組織からの幹細胞回収効率を上げるための細胞死抑制薬剤の利用

【課題】哺乳動物の遺体から幹細胞を採取する方法を提供する。
【解決手段】死後24時間以上経過した哺乳動物の遺体の移植細胞採取部位の体温が４℃〜３７℃、特に４℃〜２５℃である遺体の幹細胞、特に間葉系幹細胞、造血幹細胞、神経幹細胞、肝幹細胞、筋幹細胞および脂肪幹細胞からなる群から選ばれる少なくとも一種である幹細胞を含む組織を取り出し、該組織から幹細胞を分離し、該幹細胞をアポトーシス阻害剤、特にカスベースインヒビターで処理することを特徴とする幹細胞を調製する方法。

【発明の詳細な説明】
【技術分野】
【０００１】
本発明は、ヒトの遺体から幹細胞を取り出す技術に関し、特に非冷凍保存条件下で24時間以上経過した遺体から幹細胞を調製する方法に関する。
【背景技術】
【０００２】
幹細胞は、細胞移植治療や人工皮膚、人工臓器構築、あるいは疾患の治療のための有用な材料である。
【０００３】
これまで組織から幹細胞を採取する場合には、組織切片を切り出してすぐ細胞抽出操作を行っていた。またそれが不可能な場合は出来るかぎり早く組織を氷冷するか、または凍結することが必要と考えられていた（非特許文献1〜3）。特に、幹細胞の採取対象が遺体の場合には、遺体全体を死後ただちに冷蔵するか、組織を切り出して凍結していた。このような処置を献体者の死後すみやかに行う事は、遺族感情や病院の体制からして実施困難である。従って、少数の実験的な試みを除き、遺体からの幹細胞の回収は行われていないのが実情である。
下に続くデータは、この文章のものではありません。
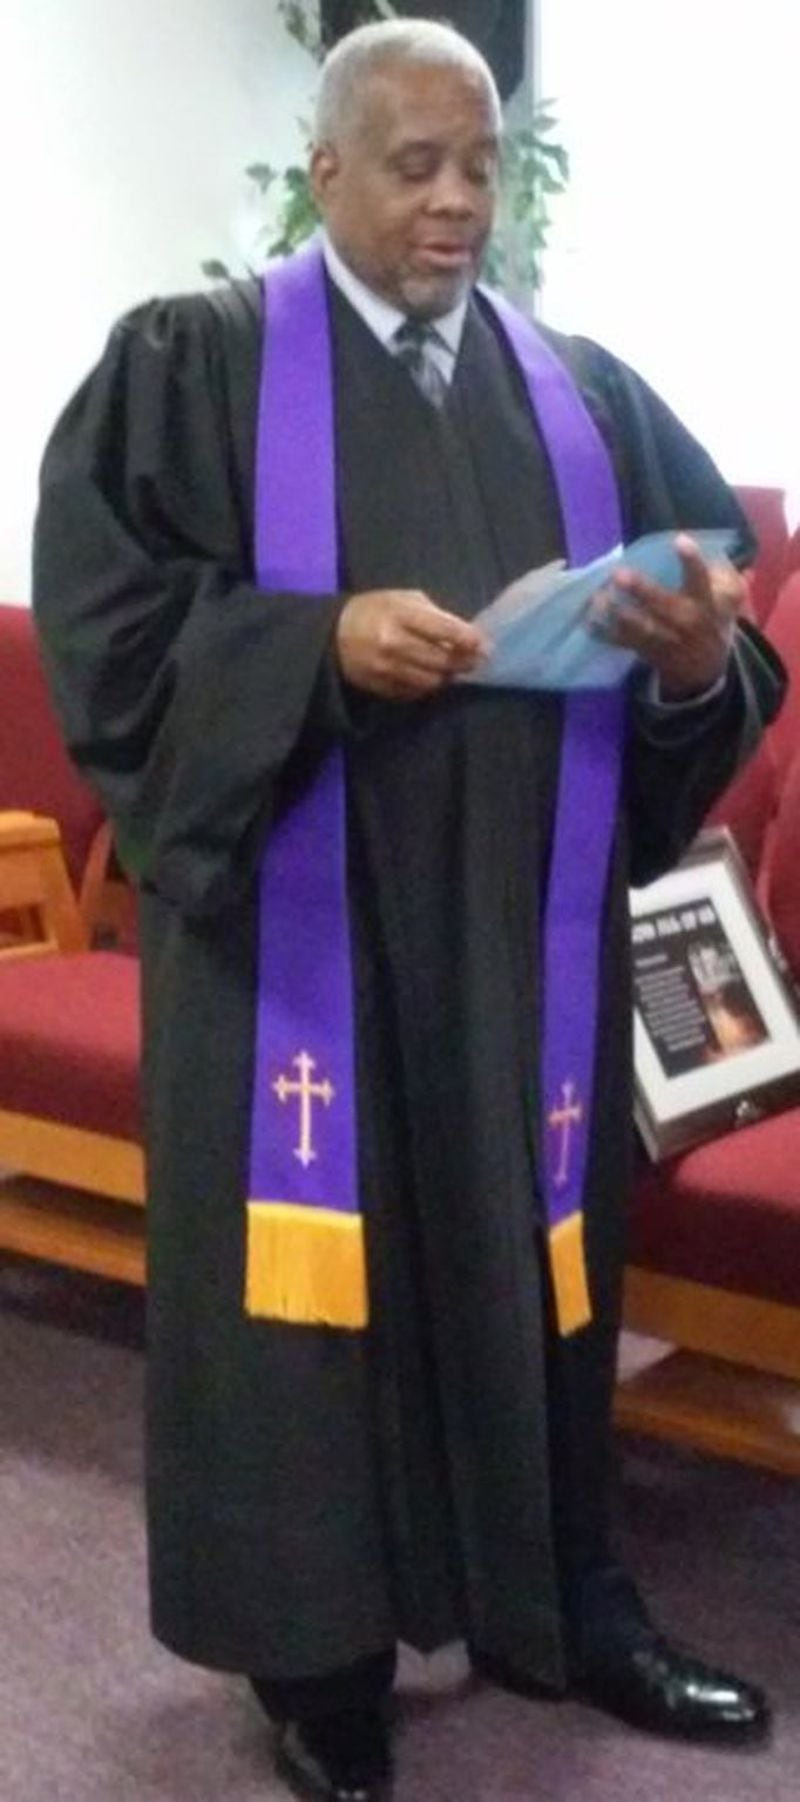 Pastor George Howard Terrell, 73 of Douglasville died May 1, 2020 from COVID-19.

【非特許文献１】Palmer, T. D., Schwartz, P. H., Taupin, P., Kaspar, B., Stein, S. A., Gage, F. H. 2001. Progenitor cells from human brain after death. Nature 411: 42-43.
【非特許文献２】Dietrich, J., Noble, M., and Mayer-Proschel, M. 2002. Charactererization of A2B5+ glialprecursor cells from cryopreserved human fetal brain progenitor cells. Glia 40: 65-77.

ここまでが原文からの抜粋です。